TASK GOAL: Make an exact copy of the listing underneath, skipping each picture.

DATA:
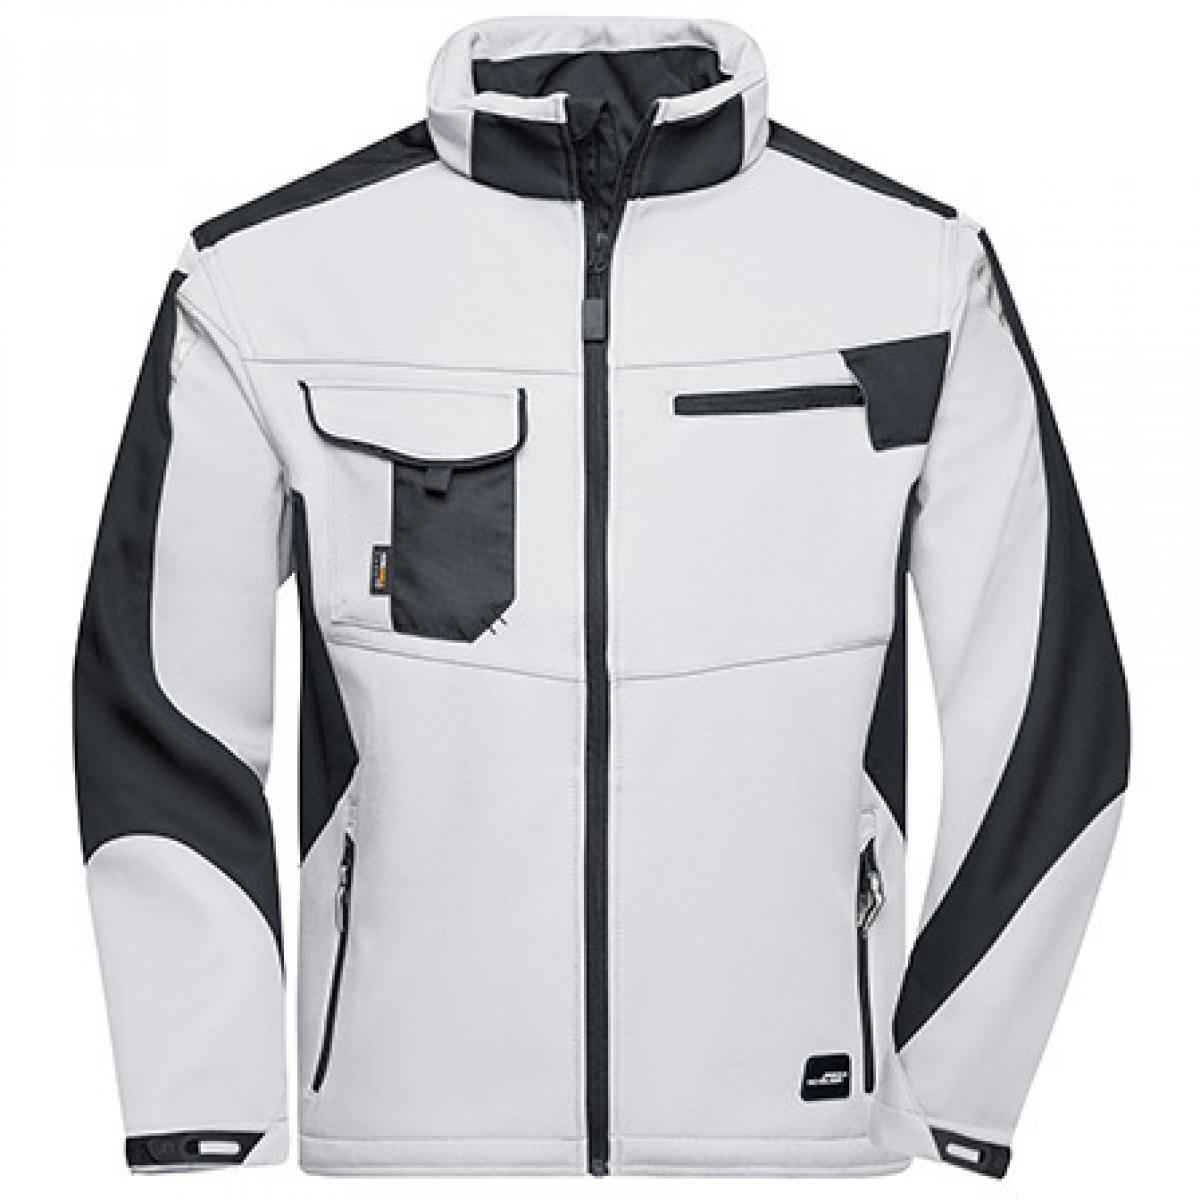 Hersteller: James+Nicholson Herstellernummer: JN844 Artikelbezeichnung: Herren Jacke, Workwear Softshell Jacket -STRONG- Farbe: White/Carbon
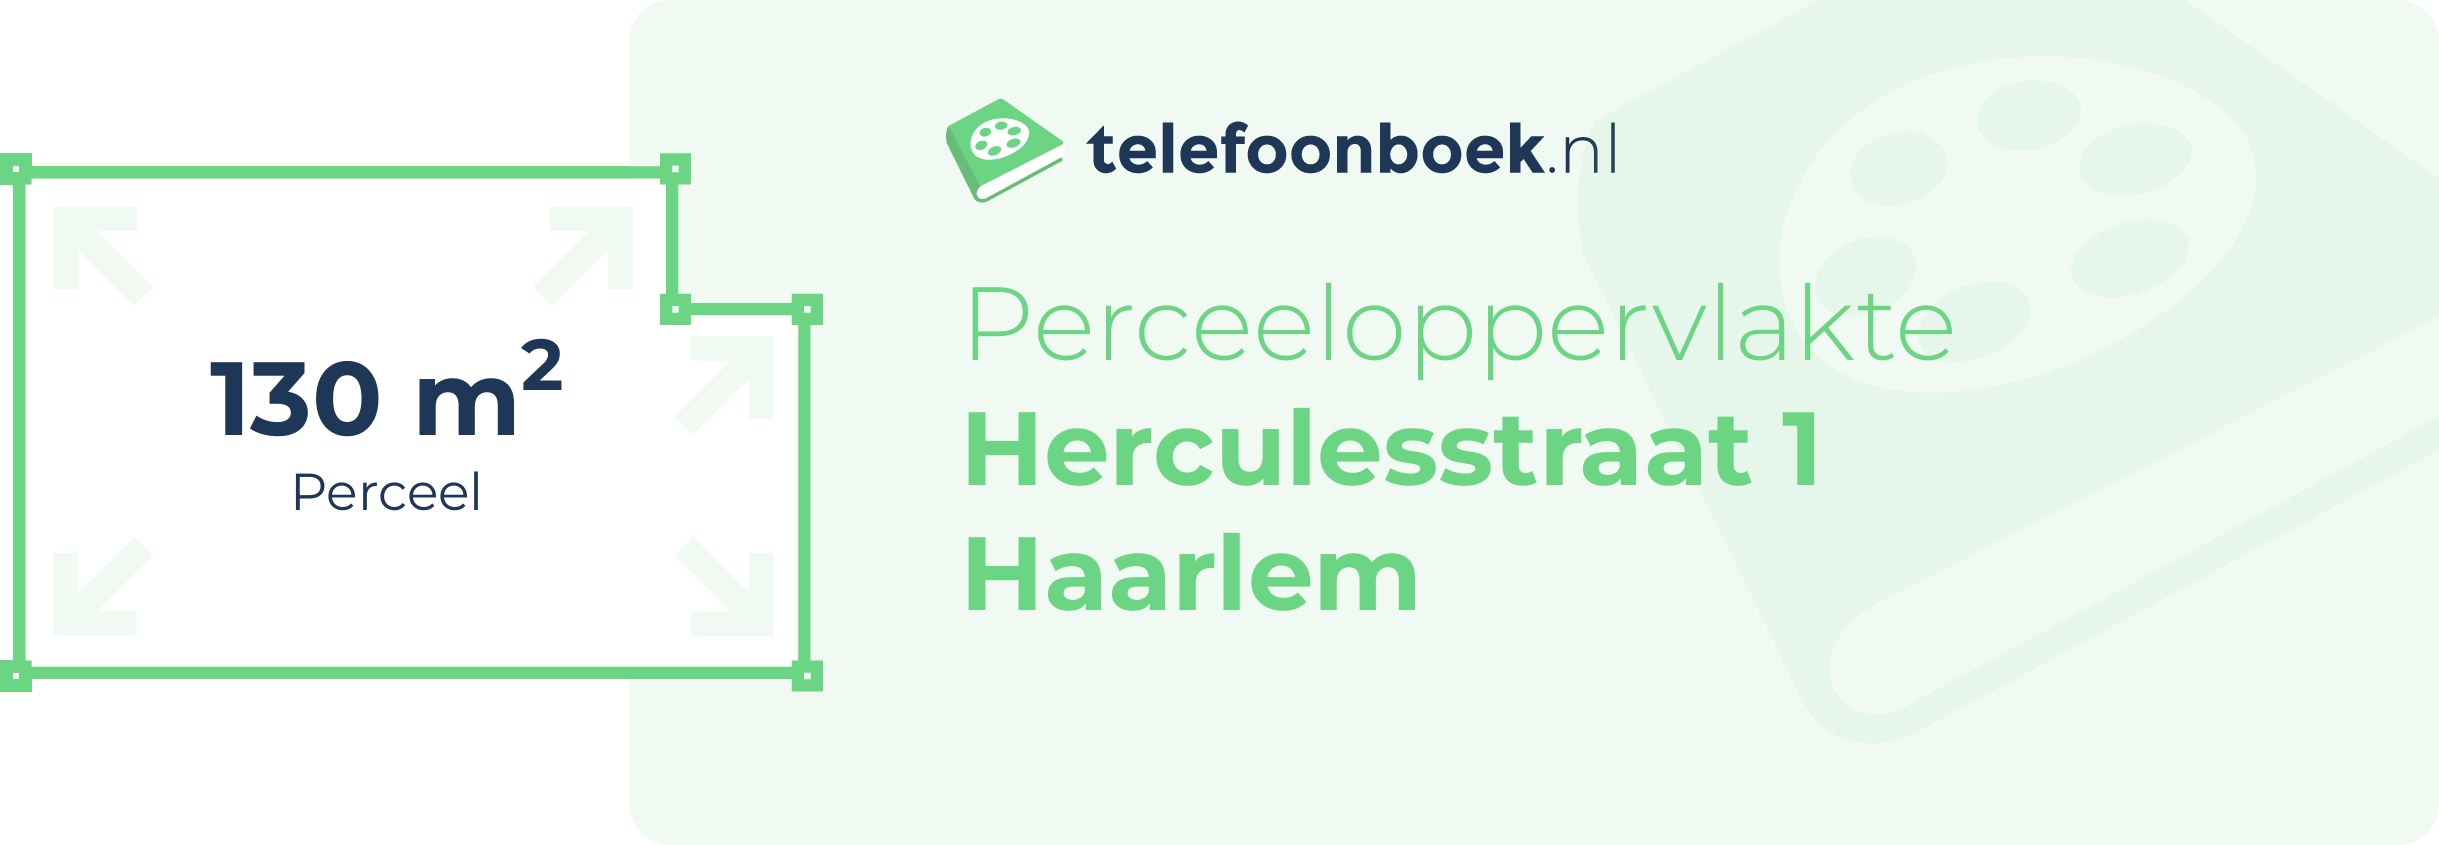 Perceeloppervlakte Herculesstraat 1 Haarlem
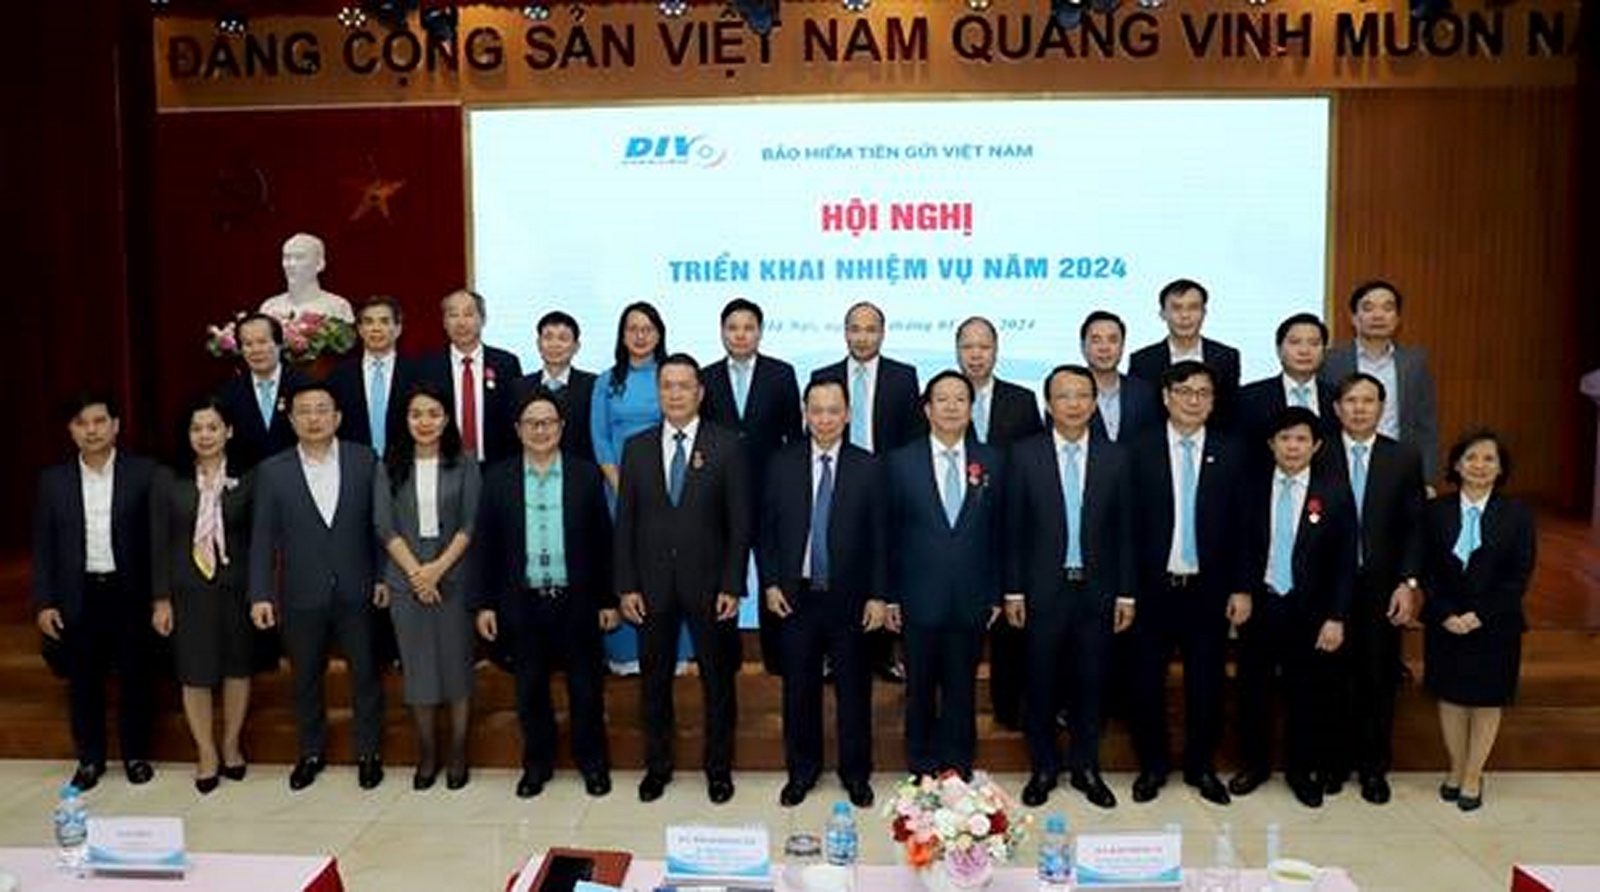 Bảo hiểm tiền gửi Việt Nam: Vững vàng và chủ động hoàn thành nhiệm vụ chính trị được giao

TASK SOLUTION:
 Hersteller: James+Nicholson Herstellernummer: JN844 Artikelbezeichnung: Herren Jacke, Workwear Softshell Jacket -STRONG- Farbe: White/Carbon
 Perceeloppervlakte Herculesstraat 1 Haarlem
 Bảo hiểm tiền gửi Việt Nam: Vững vàng và chủ động hoàn thành nhiệm vụ chính trị được giao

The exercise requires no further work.